Sorry guys, I was thinking of this thread instead. This one:http://www.techsupportforum.com/f210/upgrading-ram-problems-146434.html Ignore that last post. 

If you want to upgrade and keep this computer, then I would look at a good AGP video card like an X1650XT and a new processor like a Pentium 4 2.8 GHz or faster. But first you will want to make sure it is compatible. Look at the motherboard manual to see if it lists the fastest processor you can get.


----------



## smz (Mar 12, 2007)

I don't know if he needs to go the route of CPU upgrading. Funny how one part of everest report shows it as P4/2000 and another is P4/2.66 as the user lists. I was able to locate the actual manual for his board and it was tough on their horrible site. The manual revision must be old because according to the manual, 2.4ghz is the fastest CPU it will take. It also notes a maximum of 533fsb.

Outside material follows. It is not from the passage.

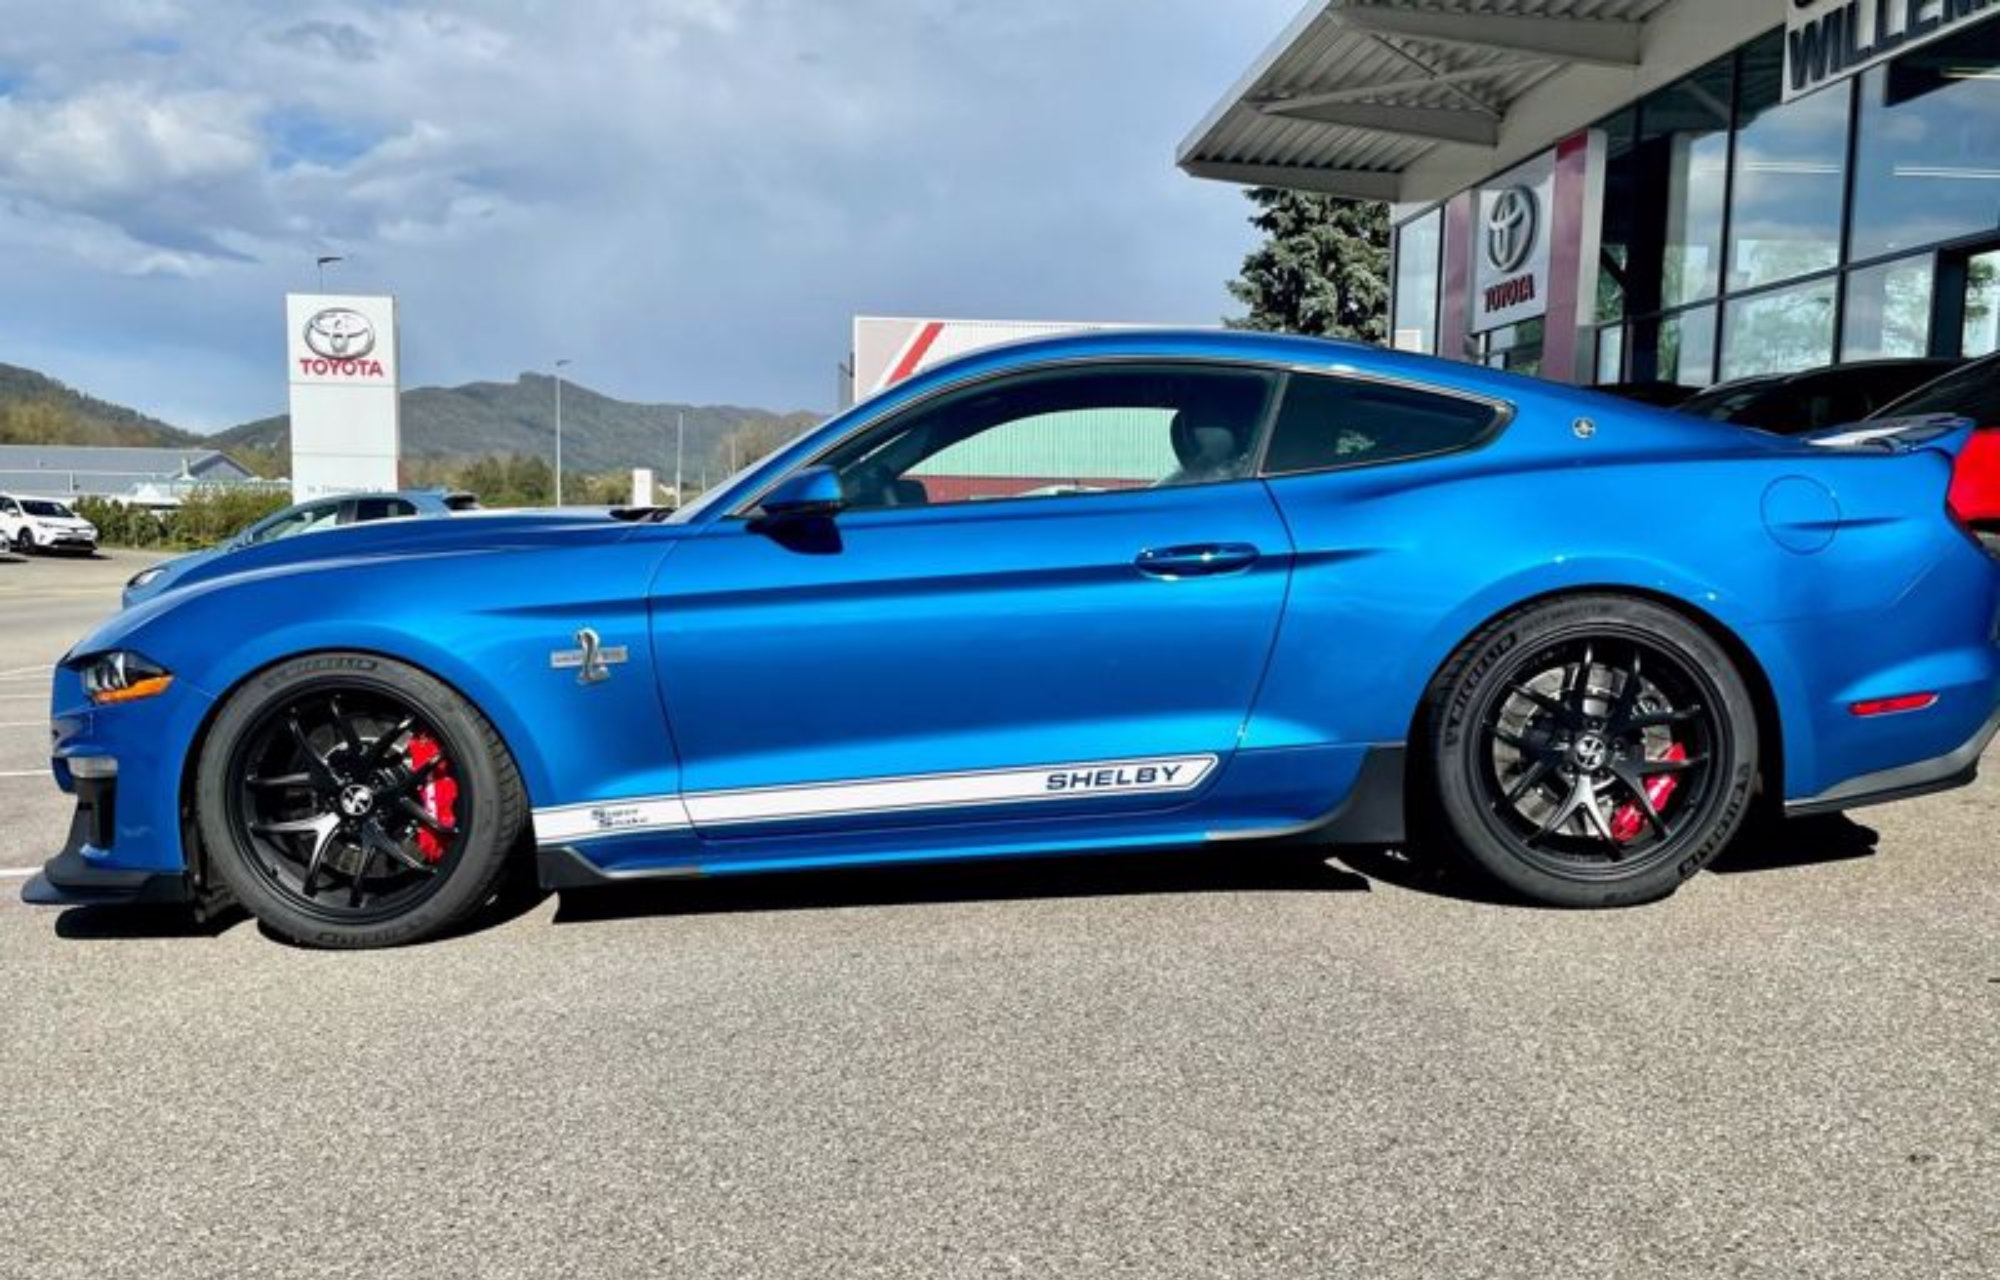 MUSTANG Shelby Supersnake
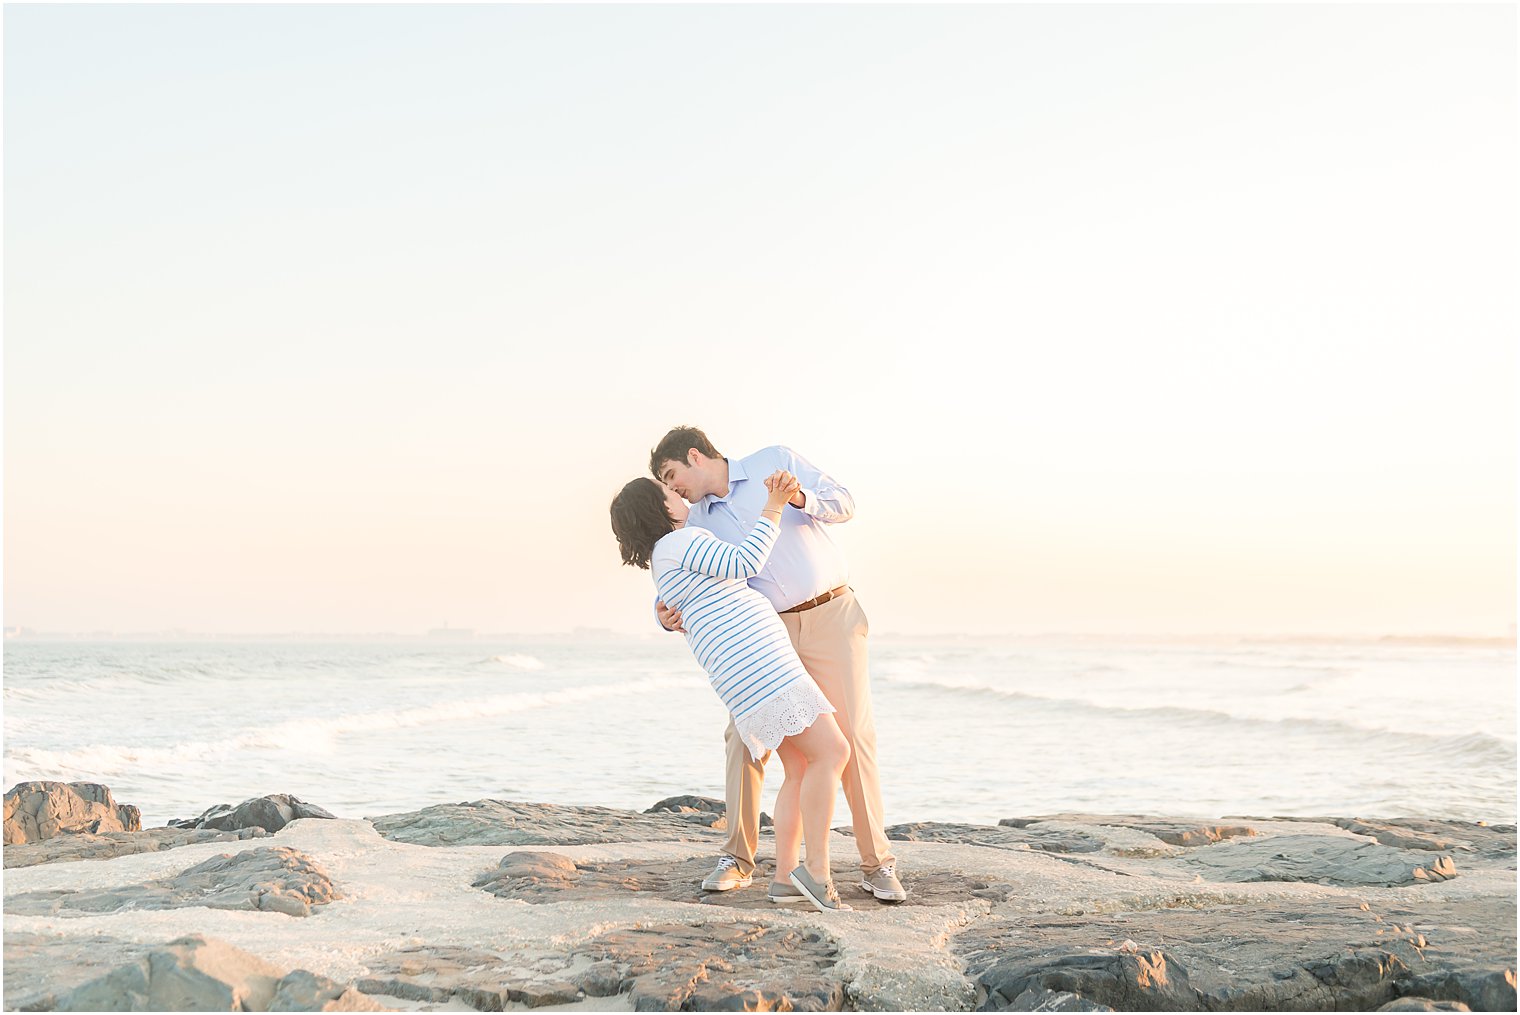 groom kisses bride dipping her while standing on rocks during beach engagement session in Avalon NJ

Unfortunately, their bios update page doesn't list any notes on the revision meaning it doesn't specify if a new bios is needed for support of a faster CPU. Though the last release was 2003. I would safe it's safe to say that if he has a 2.66 in there, that's pretty good.

According to Intel's site. The maximum CPU speed spec for the 533fsb is 3.06. Not a big jump from 2.66. Not to mention they are not listed as HT either.

Just thought I would research that end of the spectrum. I don't have any
negative thoughts of your video card suggestion. I kind of lost track of any of
the high performance AGP cards a while ago when I switched to PCI-E.



TheMatt said:


> Sorry guys, I was thinking of this thread instead. This one:http://www.techsupportforum.com/f210/upgrading-ram-problems-146434.html Ignore that last post.
> 
> If you want to upgrade and keep this computer, then I would look at a good AGP video card like an X1650XT and a new processor like a Pentium 4 2.8 GHz or faster. But first you will want to make sure it is compatible. Look at the motherboard manual to see if it lists the fastest processor you can get.


----------



## TheMatt (May 9, 2006)

I would say the best card for that CPU would be a 7600GS AGP. Anything faster than that wouldn't make much of an improvement because of the CPU bottleneck.


----------



## Deleted090308 (Jan 25, 2007)

I agree - the 7600GS is the best choice for this computer.


----------



## smz (Mar 12, 2007)

Well that is a very respectful card. I will go with both you guys as what is optimized for what cpu as far as video cards and gaming in general isn't my forte... Let's say 3's a charm!!!!

Good Work Guy's with getting this user more info then he probably ever imagined he would get.


----------